Personally I still don’t like saying something akin to “Player X earned a WP48 of 0.100 +/-0.010. I think that this gives a false since of certainty because it implies that we know the affect, on a player level, of the forces that remain unmeasured by the model, and this is simply not the case as far as I’m concerned. The Wins Produced model explains roughly 95% of the variation in wins on a team level. Giving credit to particular players for those wins introduces more uncertainty (most notably the affect of individual defense).
-One more note on production vs. skill. Say that the gambling fairy gives gambler x and gambler y each $100 to gamble with. The two gamblers promptly jaunt over to the roulette table. Gambler x let’s his $100 ride on black, while gambler y puts his on red. After the spin, it turns out that black wins, and gambler x doubles his money, while gambler y loses his. Gambler x’s production for the night (he stopped while he was ahead of course :-D ) was $100, while gambler y’s production was -$100. Neither gambler was more skilled than the other, but it would not be correct to say that both gambler’s production was +/- $100, because it is a provable proposition. It has happened, and at the end of the night, gambler x has winnings to cash, and gambler y had better come up with some quick cash, because the gambling fairy has guys that take care of guys who renig on their debts (one should never gamble with other people’s money).

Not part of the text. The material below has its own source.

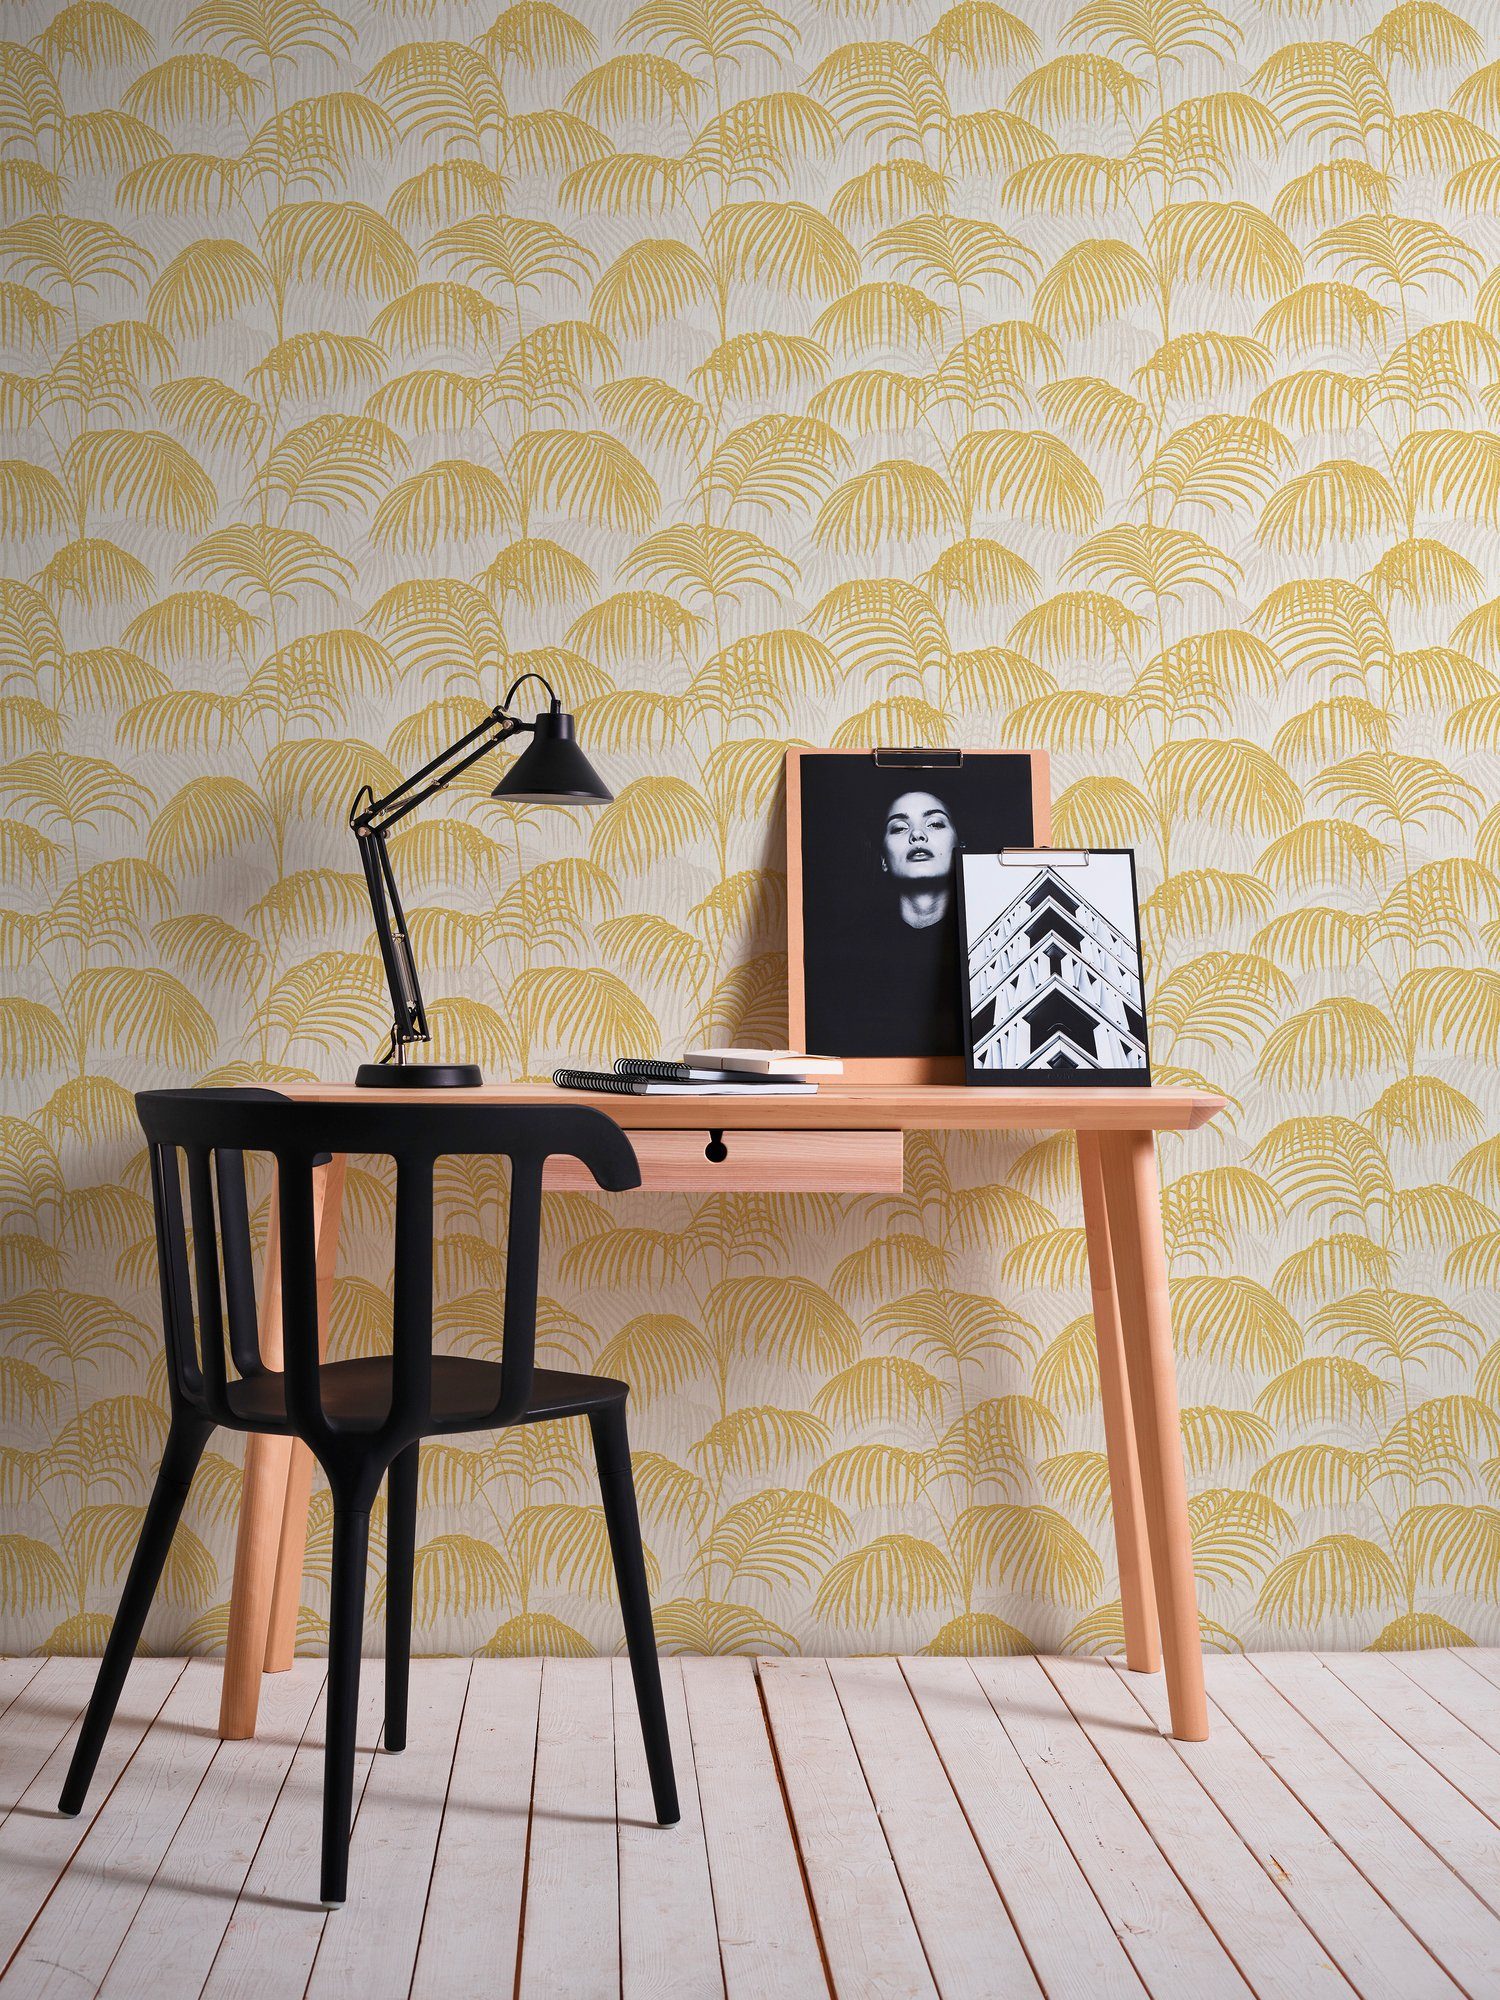 A.S. Création Tapete Palmen samtig, Architects gold/gelb/weiß Dschungeltapete Textiltapete botanisch, Tessuto, floral, Paper

Anyway, production as revealed through wins produced should be though of in the same way. Each of the figures in that wins produced or wp48 number can be tracked back to actual production (a shot made, a steal, a rebound, etc..) and therefore each increase is good and each decrease is bad.
If you want to get scientifically precise about it though, one standard is to use rules of significant digits. Since players accumulate stats over the season, the more a player plays, the more precision you would expect to be significant, and it would likely be capped at 2 or 3 significant figures. I think however that this approach is rare in models such as this, and significance is laid more wholly at the feat of sample size with out regard to whether or not there is a term that would limit significant figures of the entire calculation. Plus, there are a lot of terms that go into the calculation of these models, so that wouldn’t really make much sense, speaking in practical terms, anyway.